Волны неистовствовали. Они с рёвом бились об утёсы, в вековой ярости пытаясь поглотить, сокрушить их, и, бессильные перед каменной мощью, уступали в этой вечной неравной битве. Хелмегерд, ступая босиком по острым уступам, подошёл ближе, к невысокому обрыву, и свирепый ветер толкнул его назад, вздул парусом свободную рубашку, завыл в ушах, заставил прищуриться. Волны кипели и клокотали в двух футах под ним, волны отчаянным рывком заливали каменное плато, укутывали пеной его ноги, чтобы, шипя от досады, вернуться обратно в море, волны швыряли клочья пены ему в лицо. Он стоял там, где в великой битве сходились три стихии — вода, ветер и камень, — стремясь одолеть друг друга, разрушить, уничтожить, и вдыхал полной грудью, впитывал эту первобытную силу. И бремя, день и ночь душившее его, будто с каждым вдохом становилось немного легче.
***
Лютый, безжалостный холод сковывал всё его существо, несмотря на заливающее баркентину безоблачное солнце. Казалось, с него заживо содрали кожу, и каждое прикосновение мокрой одежды к телу раздирало свирепой болью, и рукояти штурвала в руках будто превратились в острия кинжалов, и ладонь Пита на плече жгла, как горящая головня. Когда после пятого ведра морской воды он пришёл в чувство, старпом пытался отправить его в каюту, но он, стиснув зубы и превозмогая дрожь во всех членах, встал к рулю. Провести «Акулу» меж подводных скал к острову мог только он, и это надо было сделать во что бы то ни стало.

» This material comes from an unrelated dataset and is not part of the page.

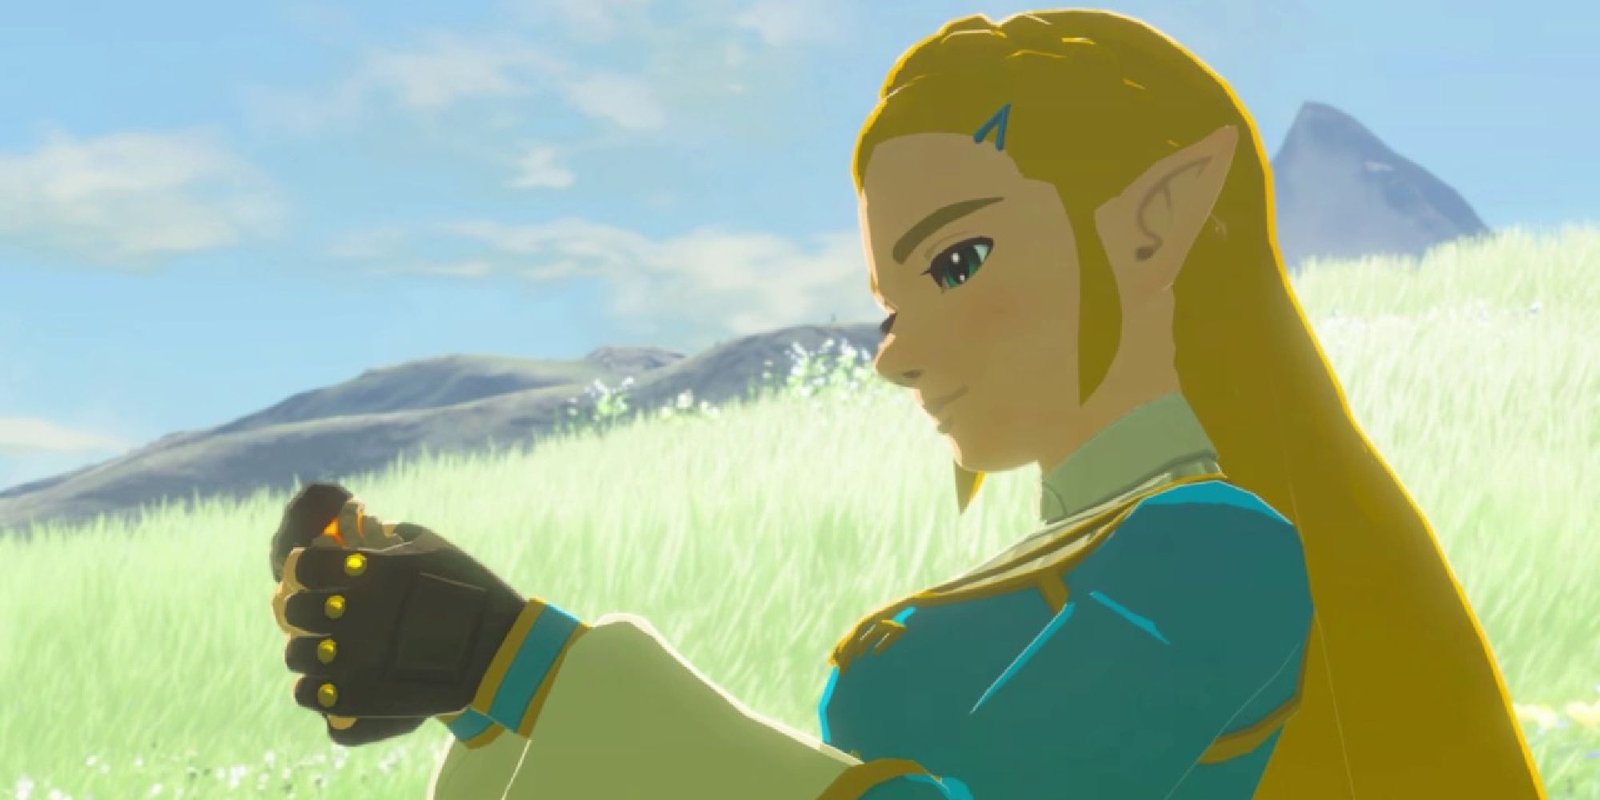 Princess Zelda standing in an open field in Hyrule looking at her Sheikah Slate

В глаза вместе с солнечными лучами впивались ржавые парусные игры, сквозь шум и гул в ушах с трудом пробивались предупреждающие крики вперёдсмотрящих, в горле застрял твёрдый колючий ком, мешающий дышать и говорить. Каждый приказ Хелмегерда эхом повторял Пит, громко, чтоб услышали матросы, и всякий раз от крика старпома в голове будто взрывалась бомба, и пронизывающая боль вышибала воздух из груди. И всё же он вёл корабль вперёд, удерживая в теле больной разум железным напряжением воли, слушал вперёдсмотрящих, вращал штурвал, отдавал команды вахтенным.

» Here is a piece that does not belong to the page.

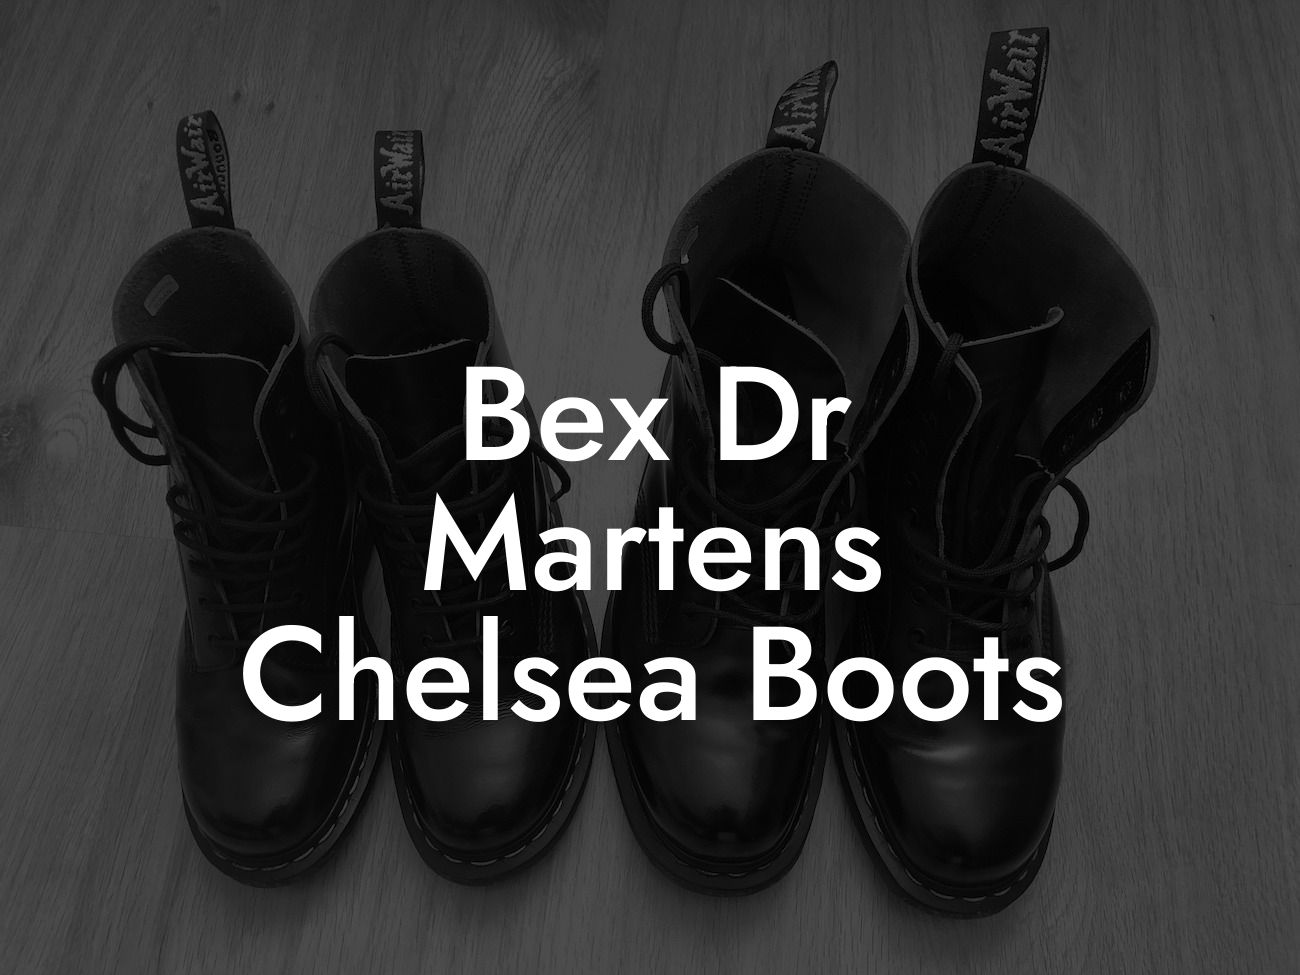 Bex Dr Martens Chelsea Boots

Остров встретил обжигающим песком и неумолчным гомоном птиц в древесных зарослях. Земля раскачивалась под привычными к колышущейся палубе ногами ещё сильнее обычного, мутило, как от морской болезни, но он не давал себе упасть. Нужно было совершить то, ради чего «Акула» сделала крюк и зашла на остров — погрести Марию. Не мог он в парусиновом саване отправить её на дно, в холод и тьму, на съедение слепым рыбам. Не мог и зарыть в сырой песок на потребу голодным червям. Когда-нибудь бог воскресит её и отправит в ад, которого она так боялась, на вечные муки; а вернее всего — нет никакого бога, раз такое происходит на свете, нет ни ада, ни рая, и никого он не воскресит, отслужи по усопшему панихиду хоть сам папа римский. Индейцы рассказывали о том, как отправляют покойников в последний путь в их племенах — сжигают на большом костре, чтобы душа легко рассталась с умершим телом, вылетела стремительной птицей, понеслась ввысь от земных горестей и забот… Такой судьбы заслуживала Мария, и он, не сумевший уберечь её, не облегчивший последнюю муку, хоть теперь должен был сделать всё, как надо.

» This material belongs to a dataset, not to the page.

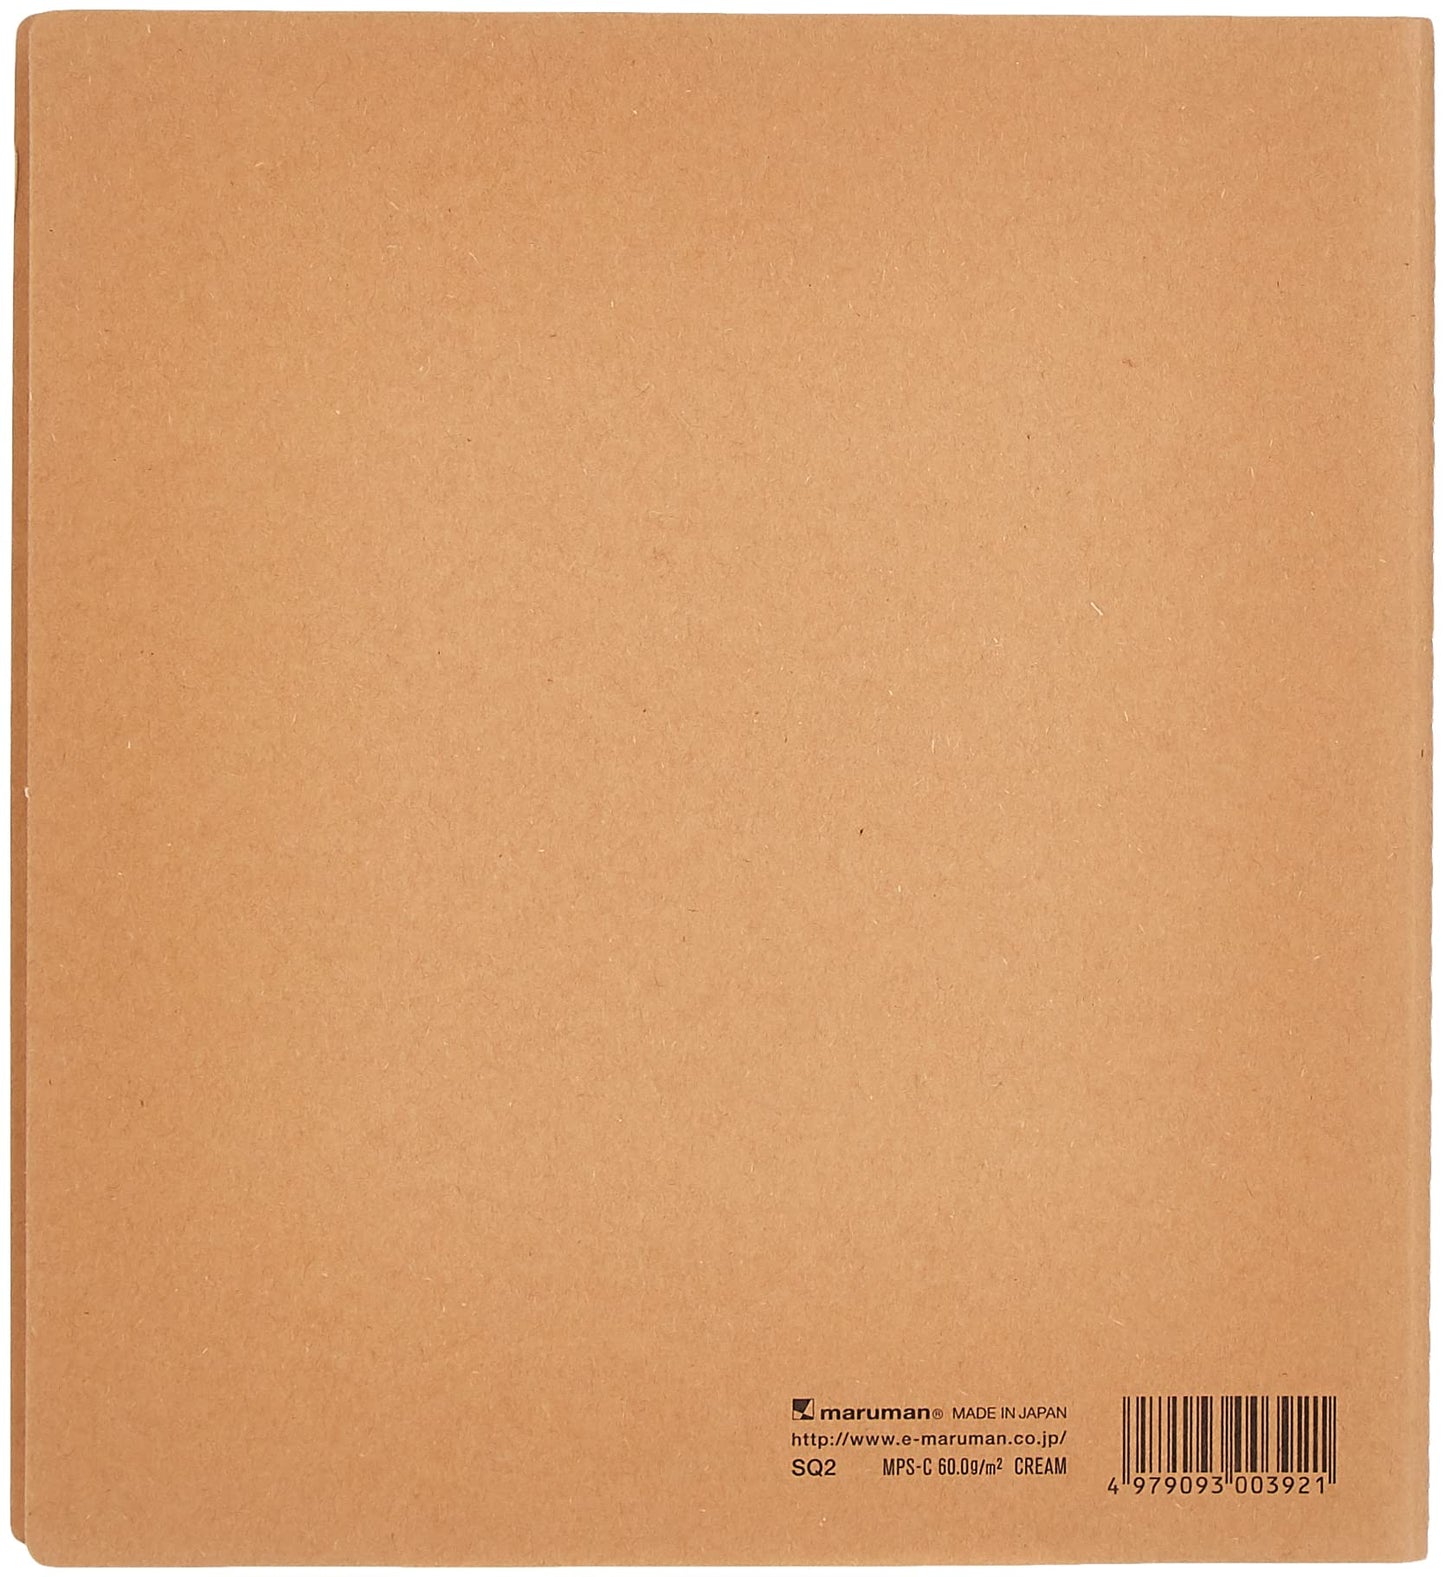 Maruman Premium Quality Drawing Pad And Book (Sq2)

Летели щепки осколками снарядов и капал пот на горячий песок, когда он рубил сухие, мёртвые стволы, и разрывали голову изнутри исполненные ужаса крики птиц и мелких лесных зверей, и серая пелена застилала глаза. Он старался рубить на выдохе, как положено, но дыхание сбивалось, частило, с хрипом и стоном вылетало из груди, и ноги слабели, и топор норовил выскользнуть из рук, и он стискивал зубы и вновь и вновь ударял заточенным лезвием по крепкой, плотной древесине. Скрежет и треск ломающегося ствола слышался ему сладкозвучной музыкой, и он шёл к следующему дереву, не дожидаясь, пока с грохотом ударится о землю предыдущее, и много раз готов был рухнуть вслед за ним, но заставлял себя делать очередной шаг.